Hint: Requirements for comparison purposes.
Ans: Ionization enthalpy is the energy required to remove an electron from an isolated gaseous atom in its ground state. Although the atoms are widely separated in the gaseous state, there are some amounts of attractive forces among the atoms. To determine the ionization enthalpy, it is impossible to isolate a single atom. But, the force of attraction can be further reduced by lowering the pressure. For this reason, the term ‘isolated gaseous atom’ is used in the definition of ionization enthalpy.

Ground state of an atom refers to the most stable state of an atom. If an isolated gaseous atom is in its ground state, then less amount energy would be required to remove an electron from it. Therefore, for comparison purposes, ionization enthalpy and electron gain enthalpy must be determined for an ‘isolated gaseous atom’ and its ‘ground state’.

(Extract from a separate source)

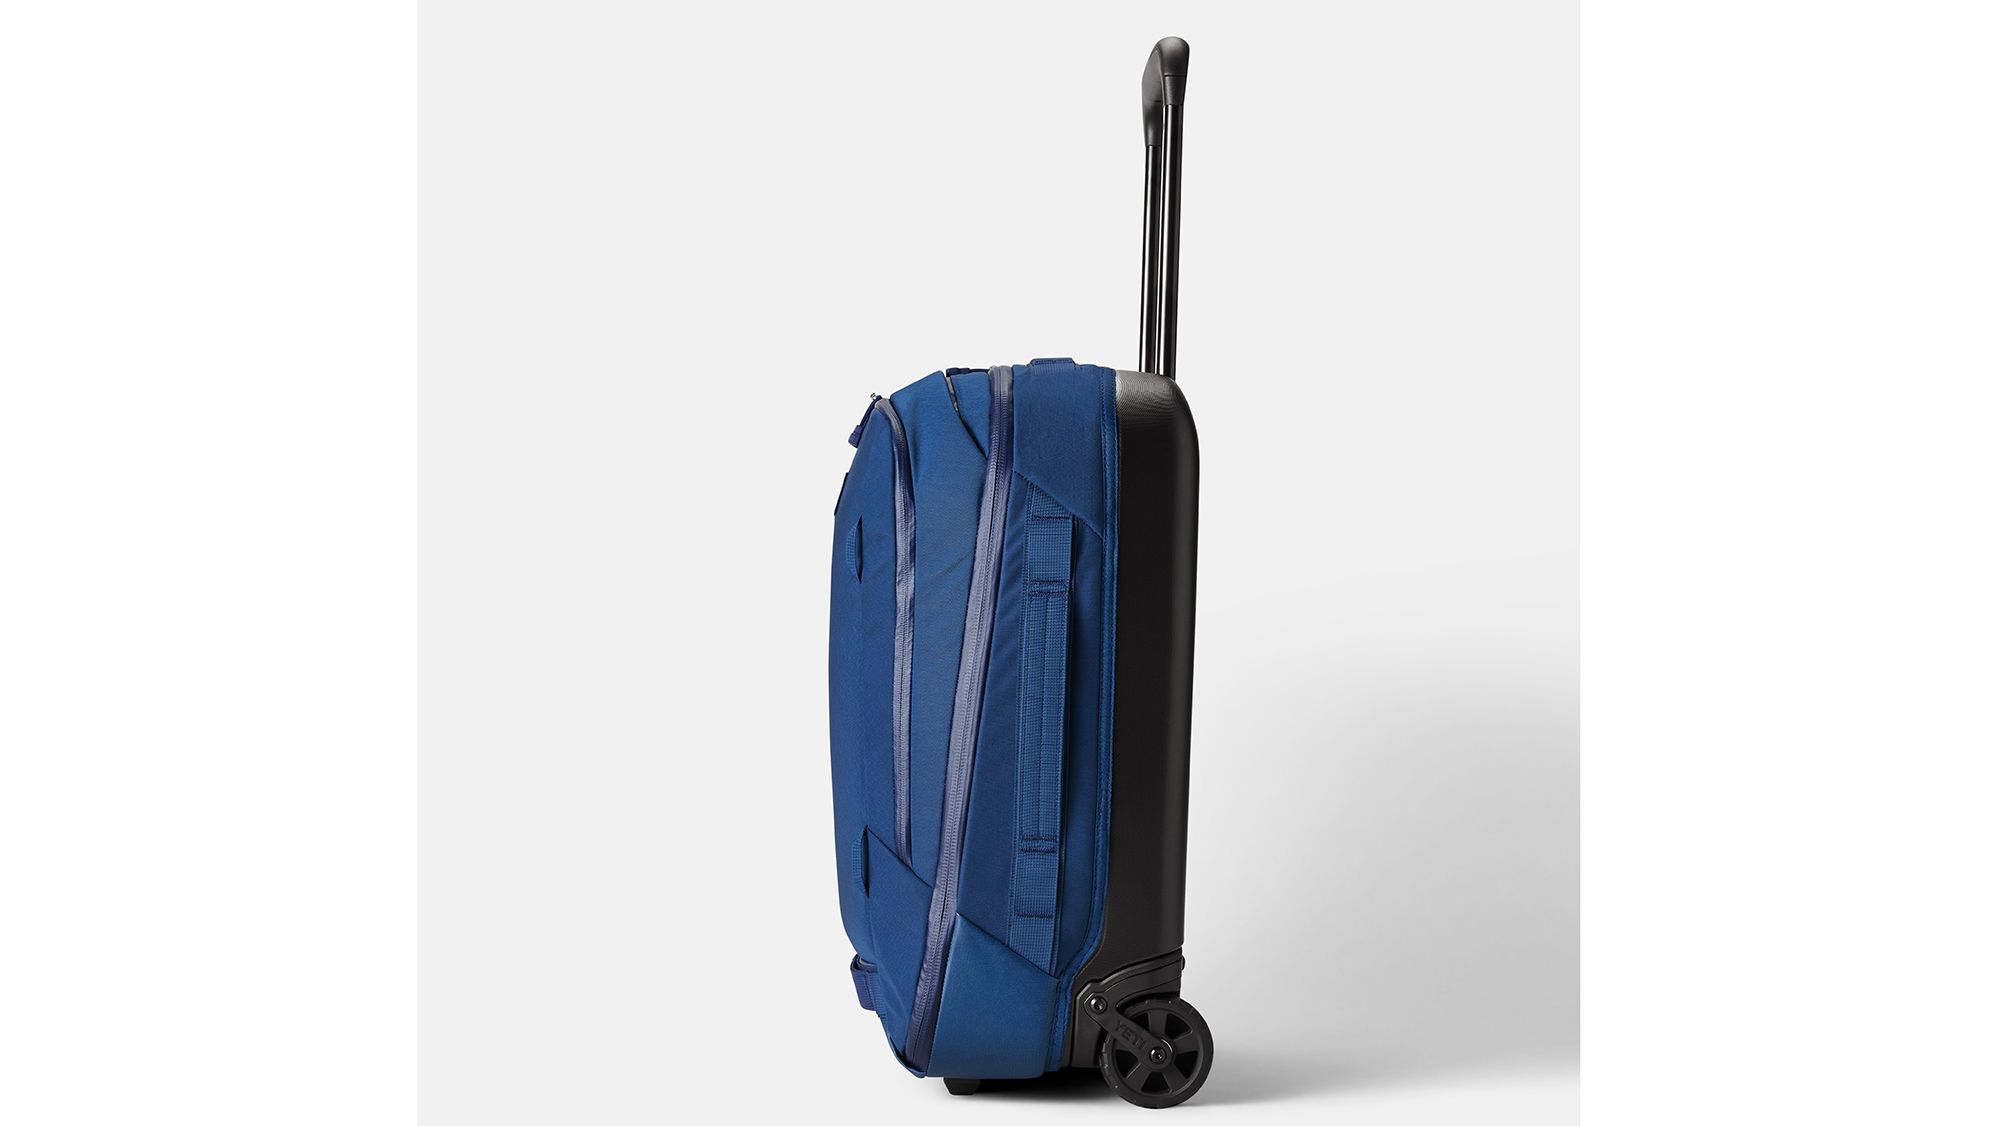 YETI Crossroads Luggage Review: An Over-Organized System for

Q3.15: Energy of an electron in the ground state of the hydrogen atom is –2.18 × 10^–18 J. Calculate the ionization enthalpy of atomic hydrogen in terms of J mol^–1.
Ans:  The ionisation enthalpy is for 1 mole atoms. Therefore, ground state energy of the , atoms may be expressed as E (ground state) = ( – 2.18 x 10^-18 J) x(6.022 x 10²³ mol-1)= -1.312 x 10⁶ J mol-1
Ionisation enthalpy =E∞–E ground state
= 0-(-1.312 x 10⁶mol-1)
= 1.312 x 10⁶ J mol-1.

Q3.16: Among the second period elements the actual ionization enthalpies are in the order
Li < B < Be < C < O < N < F < Ne.
Explain why
(i) Be has higher Δ_iH than B
(ii) O has lower Δ_iH than N and F?
Ans: (i) In case of Be (1s² 2s²) the outermost electron is present in 2s-orbital while in B (1s² 2s² 2p¹) it is present in 2p-orbital. Since 2s – electrons are more strongly attracted by the nucleus than 2p-electrons, therefore, lesser amount of energy is required to knock out a 2p-electron than a 2s – electron. Consequently, At of Be is higher than that  ∆_iH₁ of B.
(ii) The electronic configuration of
N₇ = 1s² 2s² 2p_x¹ 2p_y¹ 2p_z¹
O₈ =1s² 2s² 2p_x¹ 2p_y¹ 2p_z¹
We can see that in case of nitrogen 2p-orbitals are exactly half filled. Therefore, it is difficult to remove an electron from N than from O. As a result ∆_iH₁ of N is higher than that of O.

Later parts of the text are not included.